Only review I could fine ......

Reactions: Like 1


----------



## OnePowerfulCorsa (5/9/18)

Thanks for this, will give it a try when it lands in SA. As an aside, it is painful to watch Jai Haze these days (my opinion).

Reactions: Like 1 | Agree 3


----------



## Daniel (5/9/18)

OnePowerfulCorsa said:


> Thanks for this, will give it a try when it lands in SA. As an aside, it is painful to watch Jai Haze these days (my opinion).



Agree totally , you want to be a comedian be a comedian , otherwise STFU and just do the review .....

Reactions: Like 1 | Agree 2


----------



## vicTor (5/9/18)

OnePowerfulCorsa said:


> Thanks for this, will give it a try when it lands in SA. As an aside, it is painful to watch Jai Haze these days (my opinion).



don't worry, you are not alone

what a chop

Reactions: Like 1 | Agree 2


----------



## KZOR (5/9/18)

OnePowerfulCorsa said:


> will give it a try when it lands in SA.
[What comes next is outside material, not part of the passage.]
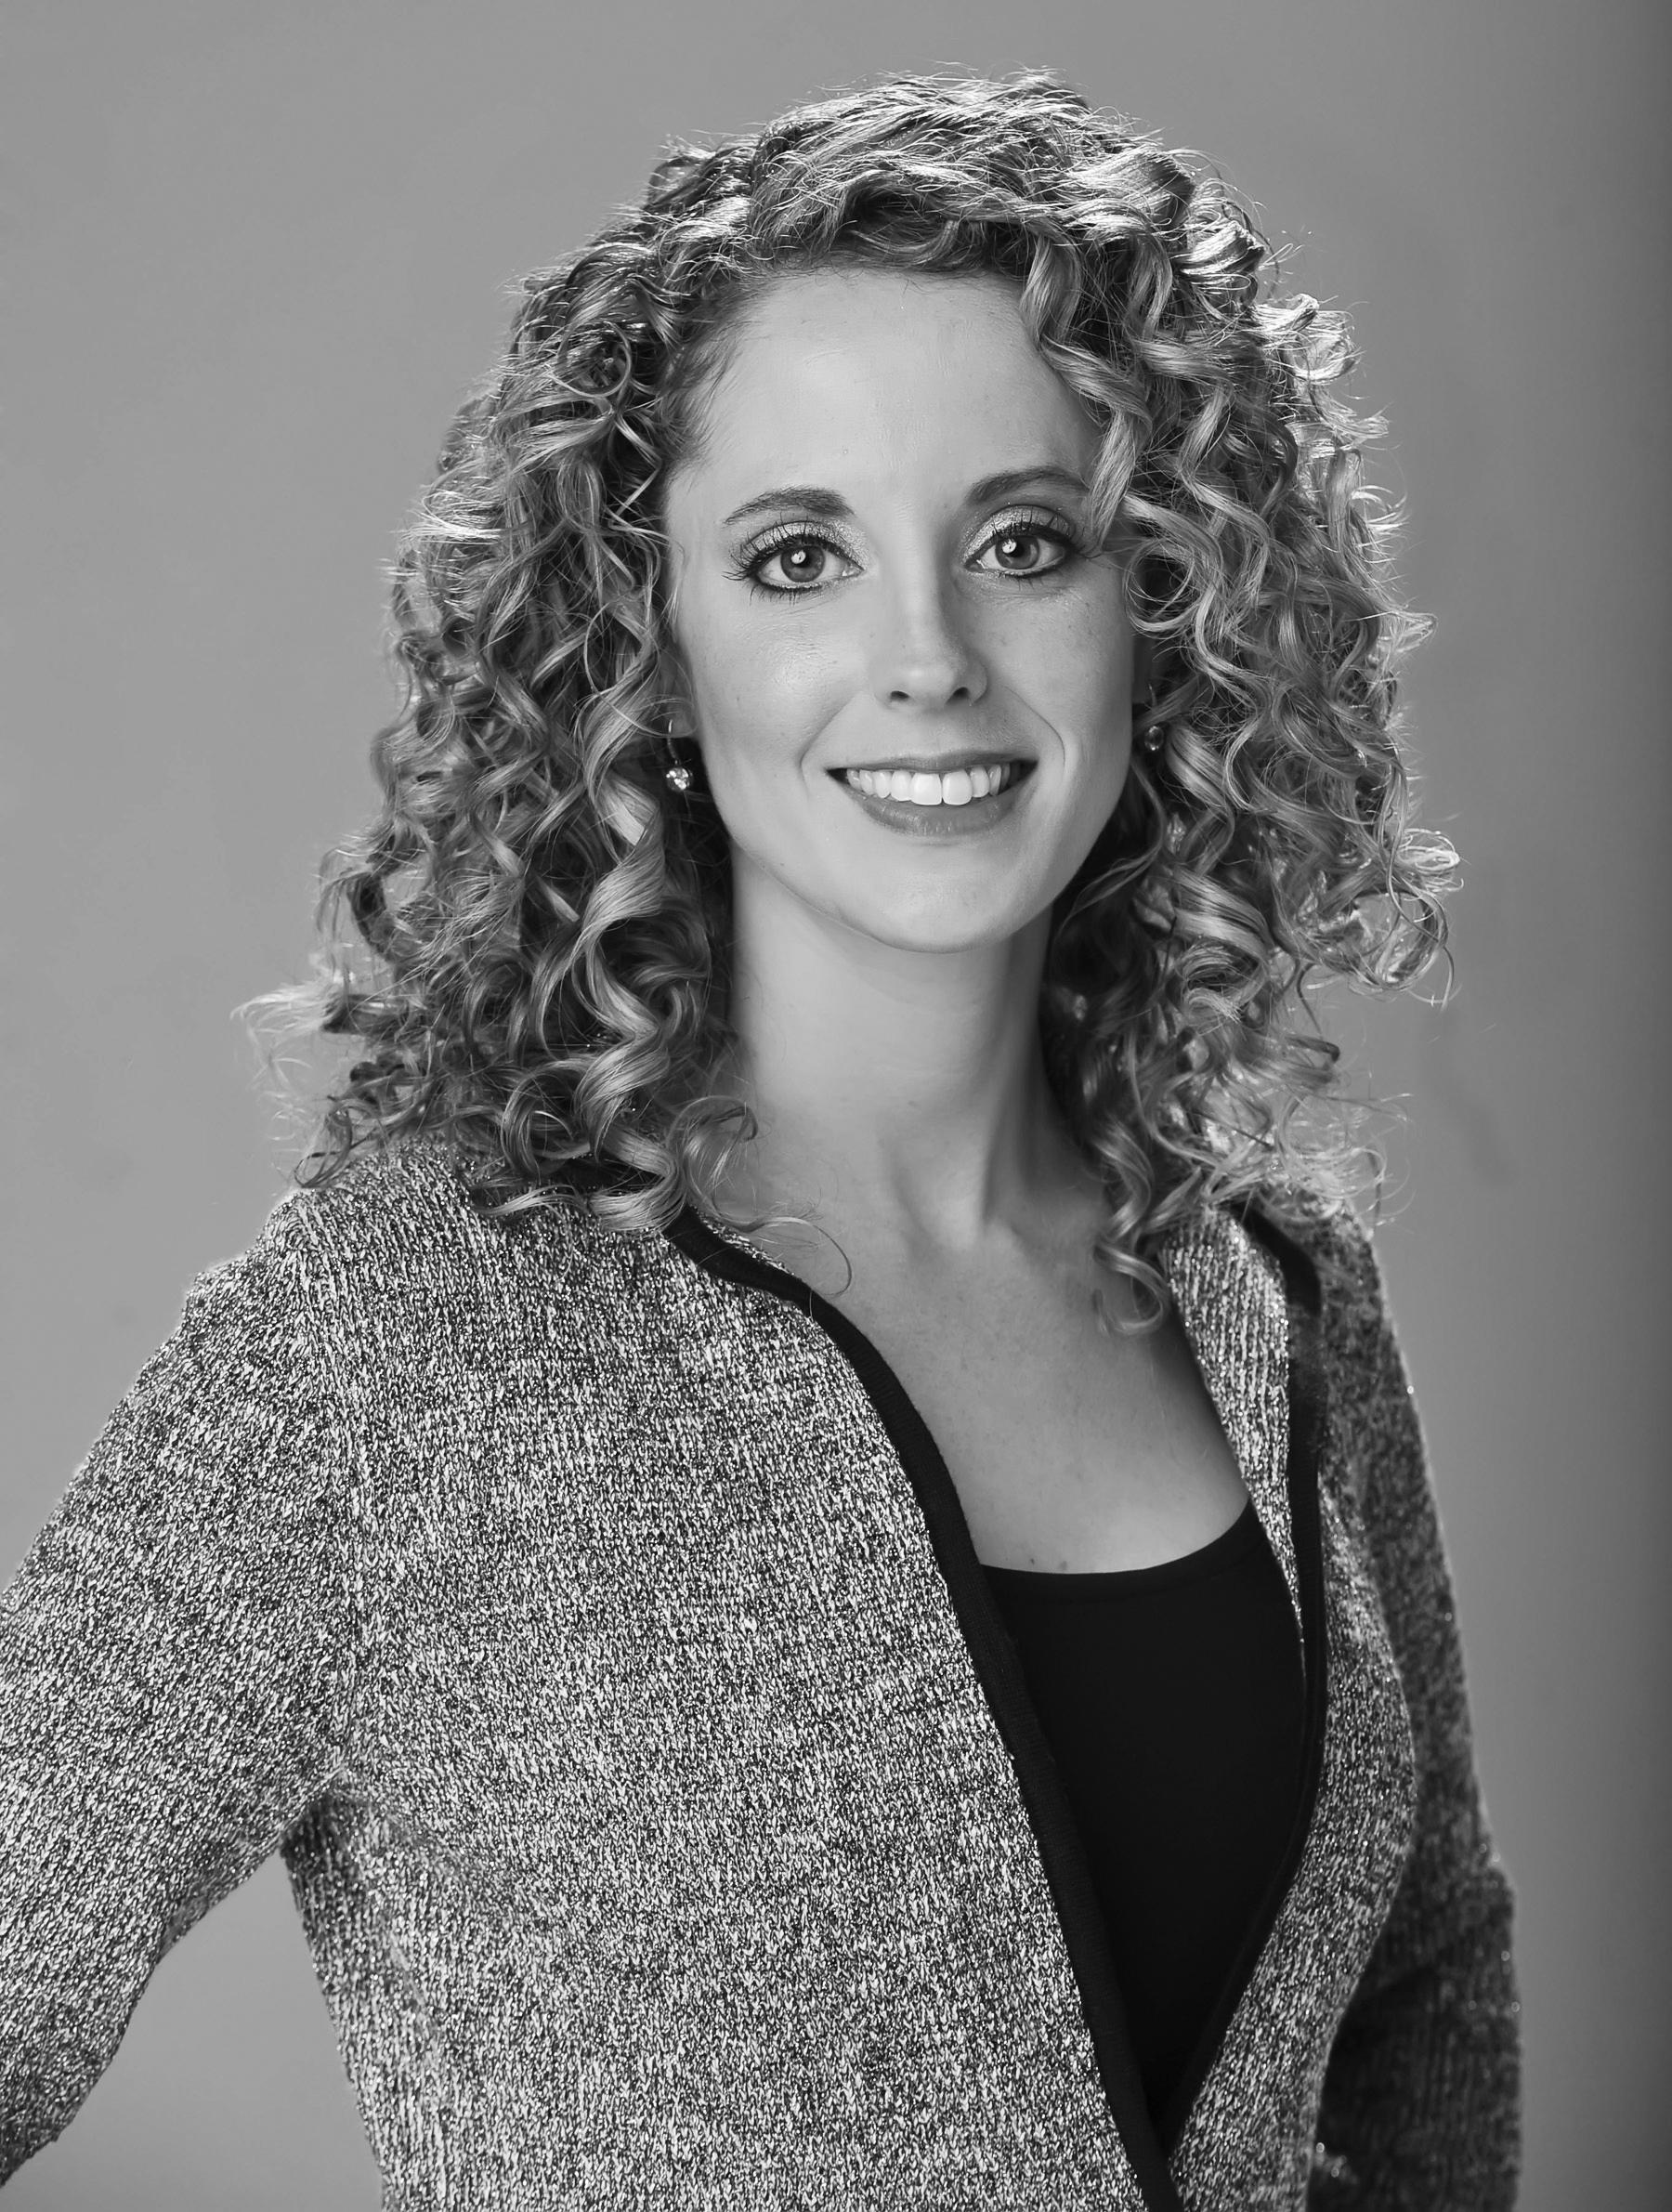 Michelle Anderson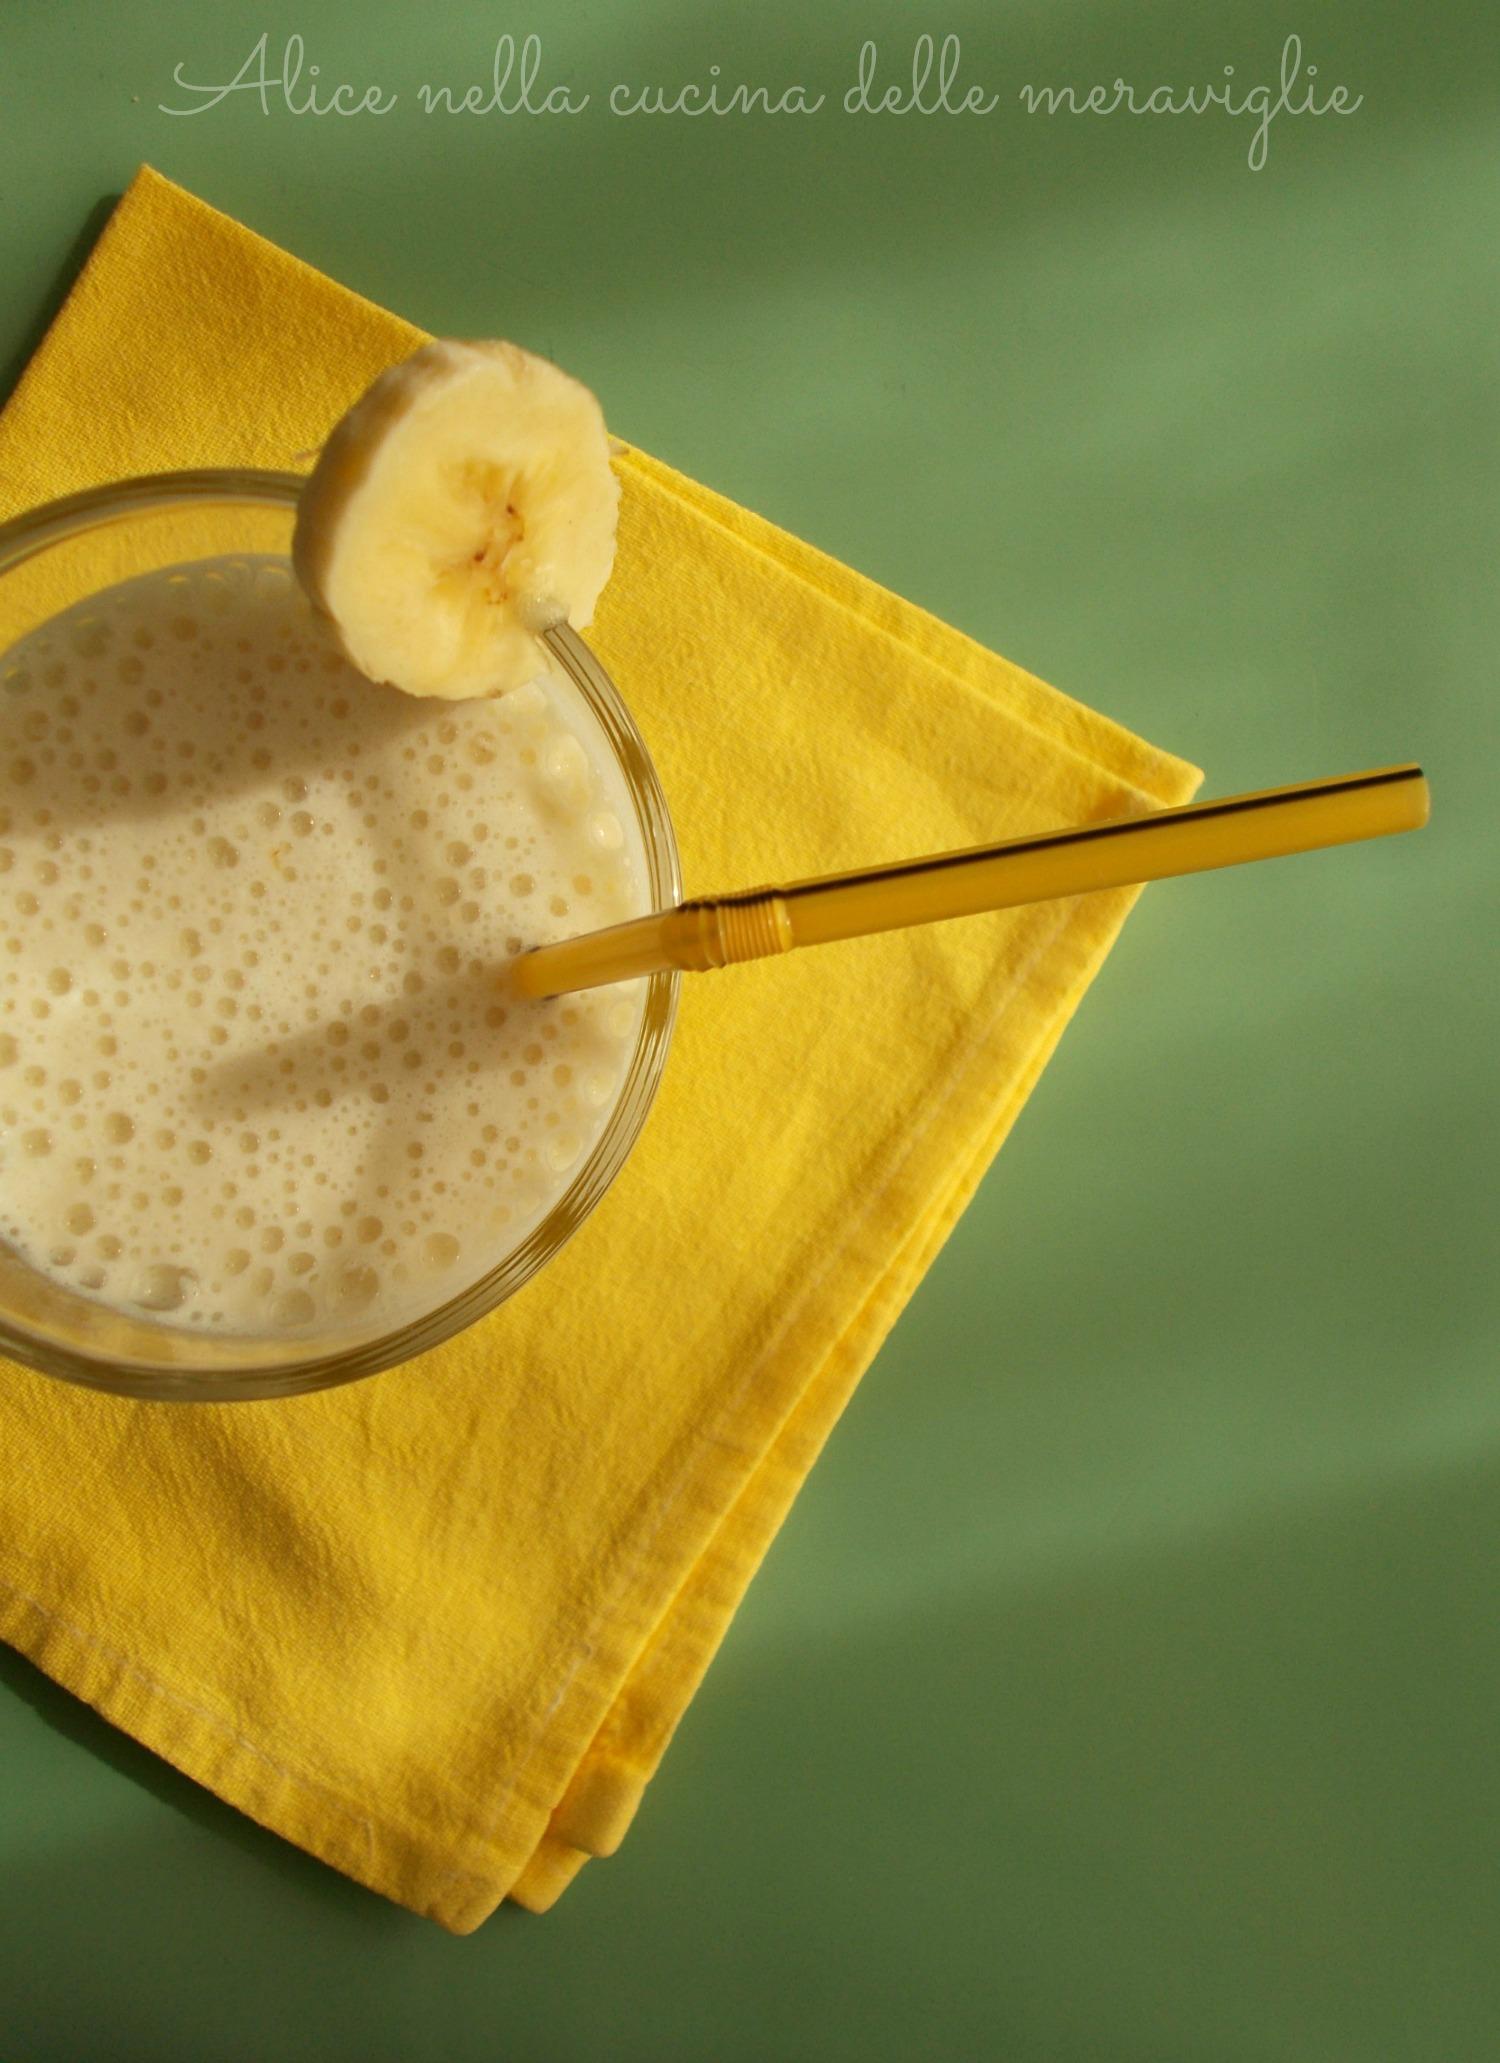 Frullato alla banana Ricetta dolce Alice nella cucina delle meraviglie

I am almost sure he got paid for his first review since he glorified it hugely but never mentioned it or used it ever again in another review or appearance. Bought it because of his orgasmic review but was disappointed. Bit worried the same thing has happened again.
Will skip this one because of that.

Reactions: Like 1 | Agree 2 | Winner 1


----------



## daniel craig (5/9/18)

KZOR said:


> I am almost sure he got paid for his first review since he glorified it hugely but never mentioned it or used it ever again in another review or appearance. Bought it because of his orgasmic review but was disappointed. Bit worried the same thing has happened again.
> Will skip this one because of that.


He's paid for all reviews. Companies pay him to 'bump' up the product from his list of products to review. Basically, if he has 10 items to review and a company want him to review the product quickly, they pay him to bump it up in the que. He said this in one of his videos a while back.

Reactions: Agree 1


----------



## Humbolt (5/9/18)

daniel craig said:


> He's paid for all reviews. Companies pay him to 'bump' up the product from his list of products to review. Basically, if he has 10 items to review and a company want him to review the product quickly, they pay him to bump it up in the que. He said this in one of his videos a while back.


I think it was on one of his live shows, where Mike Vapes admitted the same IIRC.

Reactions: Like 1


----------



## daniel craig (5/9/18)

Humbolt said:


> I think it was on one of his live shows, where Mike Vapes admitted the same IIRC.


Yeah most reviewers get paid. I would guess that they get paid well over $500-1000 per review depending on their following.

Reactions: Agree 2


----------



## Adephi (5/9/18)

OnePowerfulCorsa said:


> Thanks for this, will give it a try when it lands in SA. As an aside, it is painful to watch Jai Haze these days (my opinion).


I'm a simple guy. I see Jai Haze I just move past. Even before the @KZOR incident I couldn't stand him. But that was the last straw.

Reactions: Agree 5


----------